Rather than getting stuck with rationalizations for why vast inequalities of income are desirable, I think it would be more useful to ask what it would take to make the world sufficiently fair for all people.
One of the great problems, and one that appears on a yearly basis somewhere in the world, is famine. Is there really too little arable land to produce enough food for all humans? Waste of food and poor distribution of food both seem to be potent sources of problems. Also, grain production diverted to meat production is known to drive the average cost of a meal much higher by taking grains out of the direct food consumption channels. Even if the world is able to produce enough food for everyone, it still must be able to deliver that food to the people most in need of it.
Nepal has an economy toward the low end of the countries of the world. Nevertheless, it has some agricultural products to export and imports mainly petroleum and production machinery. Since 1990 it has improved its business situation with respect to the rest of the world. That is one example in which a nation that was once faring poorly has come closer to being in balance with the general world economy. That balance seems to be the main thing that can help produce a fair distribution of goods in the world.
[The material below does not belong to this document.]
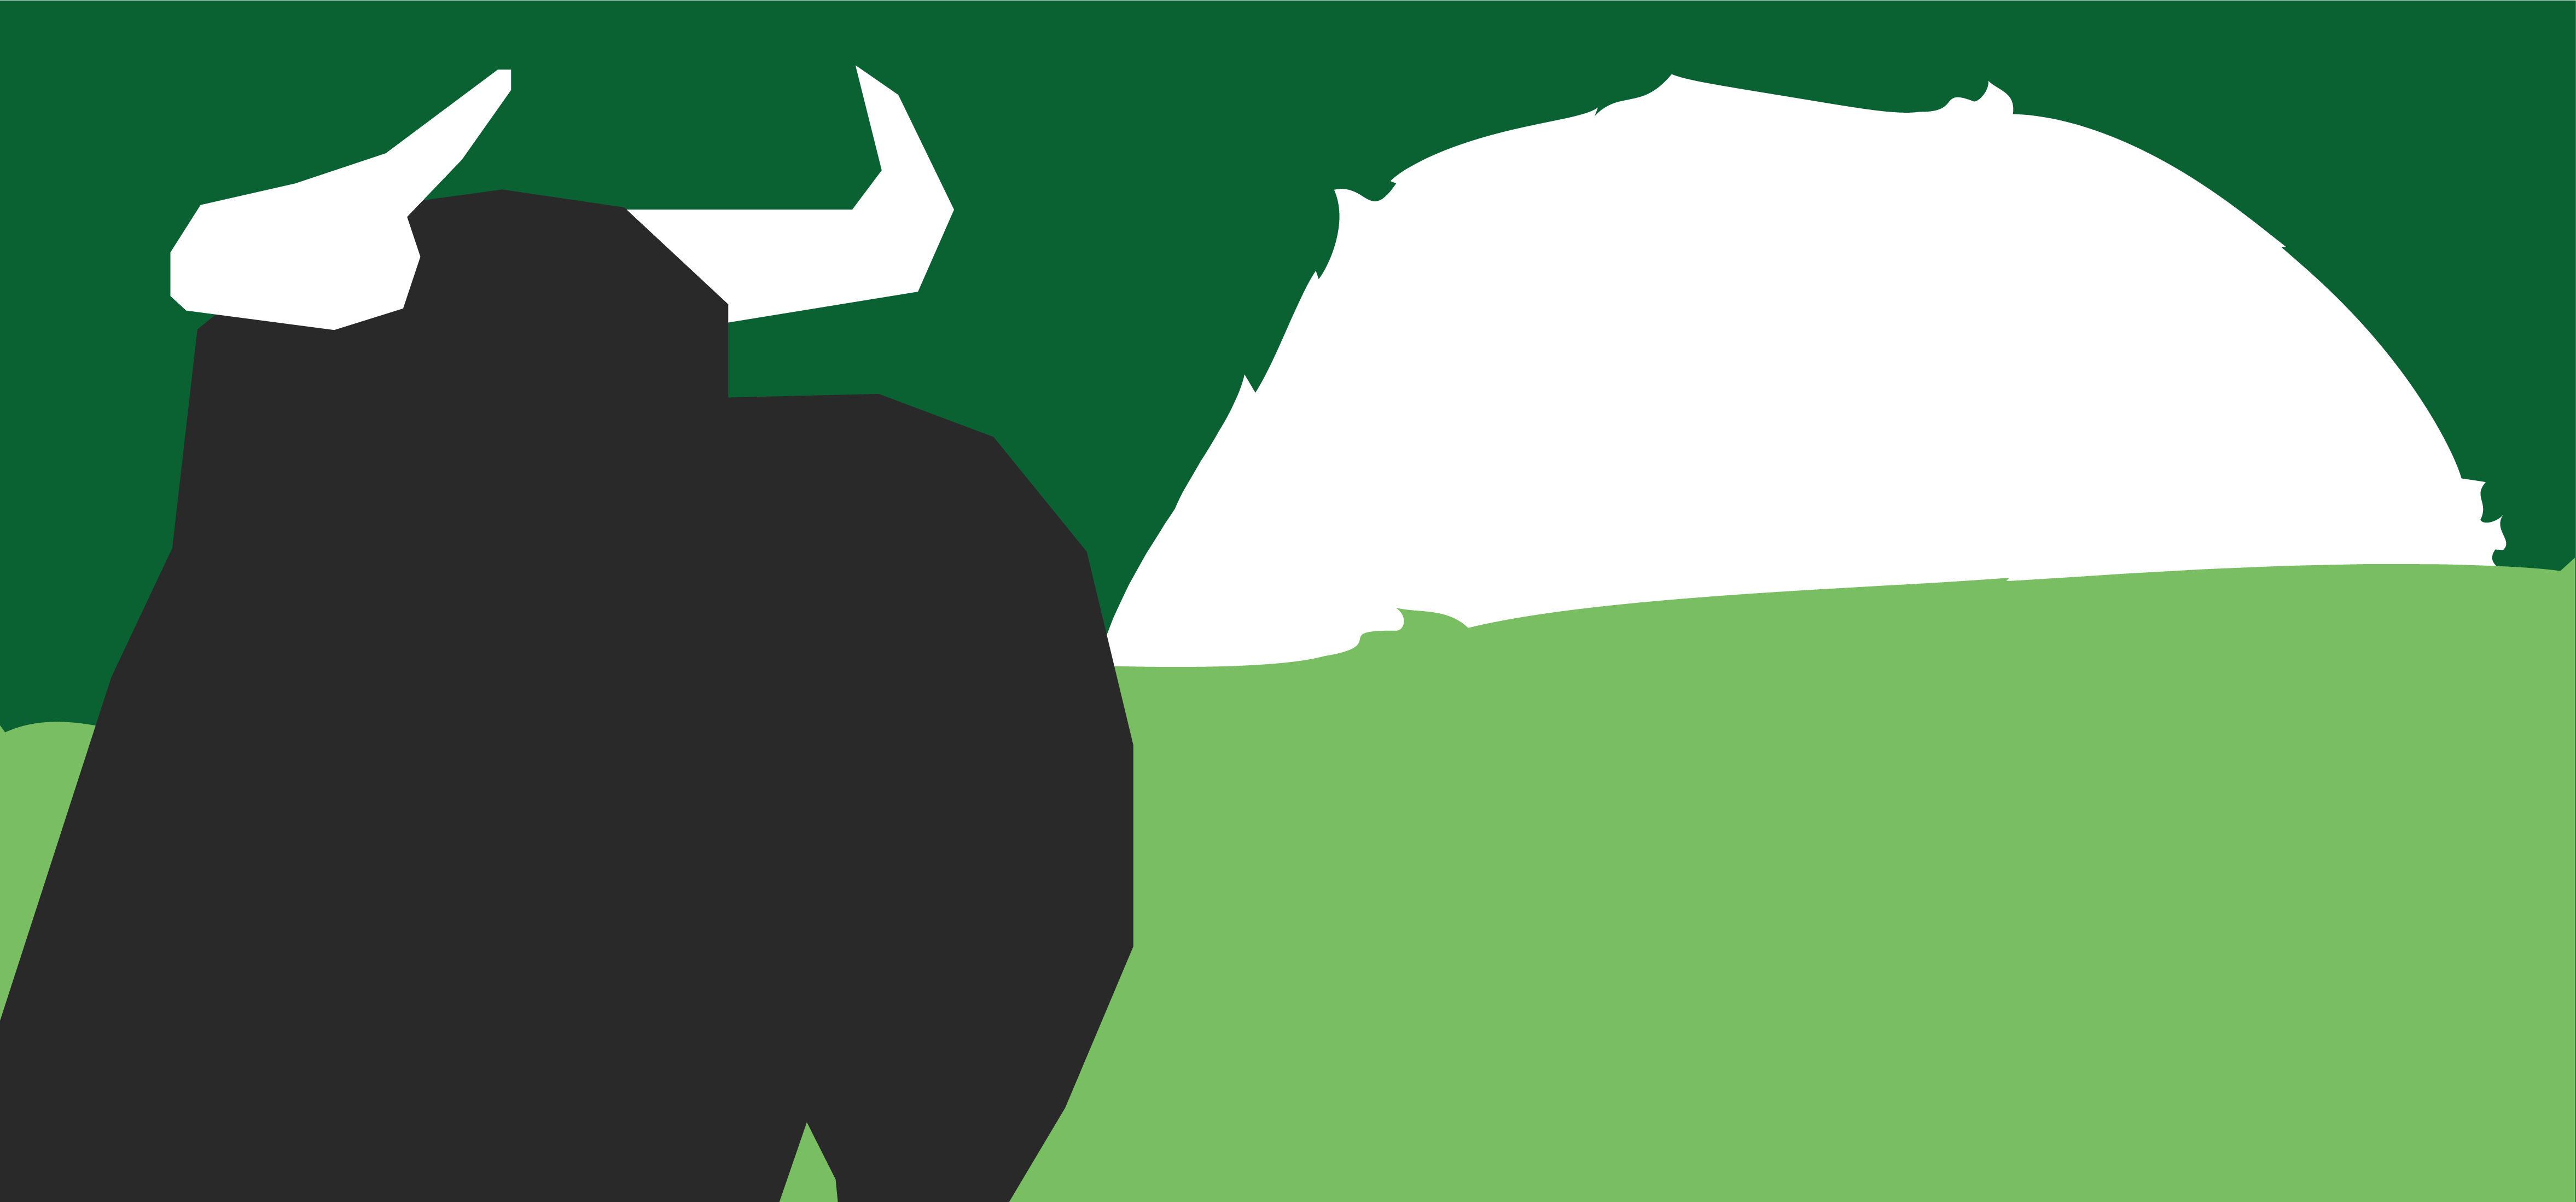 Stylised representation of a black bull with horns, against a green and white background, reminiscent of the cover of Ernest Hemingway’s novel, The Sun Also Rises

As to whether there is a real scarcity of economic resources, I think the answer is a qualified yes. Resources are indeed scarce and getting scarcer if we look at mineral resources such as oil, arable land, and water. However, by switching to solar power, hydroelectric power, geothermal power, and wind and water power, there will in future be no time that we reach the last drop in the wells or the last grains in the mines. Arable lands are under multiple attack because of global warming, because of environmental destruction due to growing populations and over-farming, and possibly as a result of chaotic migration patterns as the environment continues to accelerate in its deterioration. The oceans are also rapidly deteriorating and the impacts of this change will likely be generalized across the face of the earth and "fair." Some of the bad environmental effects on agriculture could be countered by hydroponic farming and desalination. But many of these problems are going to be very hard to cope with in, e.g., marginal lands undergoing desertification. Who will step up to address the troubles of marginal lands and populations?
All of these problems depend on the will of people who serve other people by acting in good faith in government. If the government of country X does not care that its farmers whose lands are being carried away by dust storms must become internal refugees in penury or die in place, then there is little that can be done. If there were a world government, or at least a number of world service organizations on the model of the World Health Organizations, then the question would be whether they could recruit and distribute resources to aid the marginalized people of the world. Unfortunately, the world of 2017 seems to be more and more dominated by people like Trump and Putin, people who think a win for a third nation is a loss for their own. If they continue to dominate world developments there will be little to no progress toward a better world to live in unless some third source of altruistic and also objective leadership can emerge and coordinate activities among non-governmental groups and any nations not dedicated to playing their own version of the zero-sum game.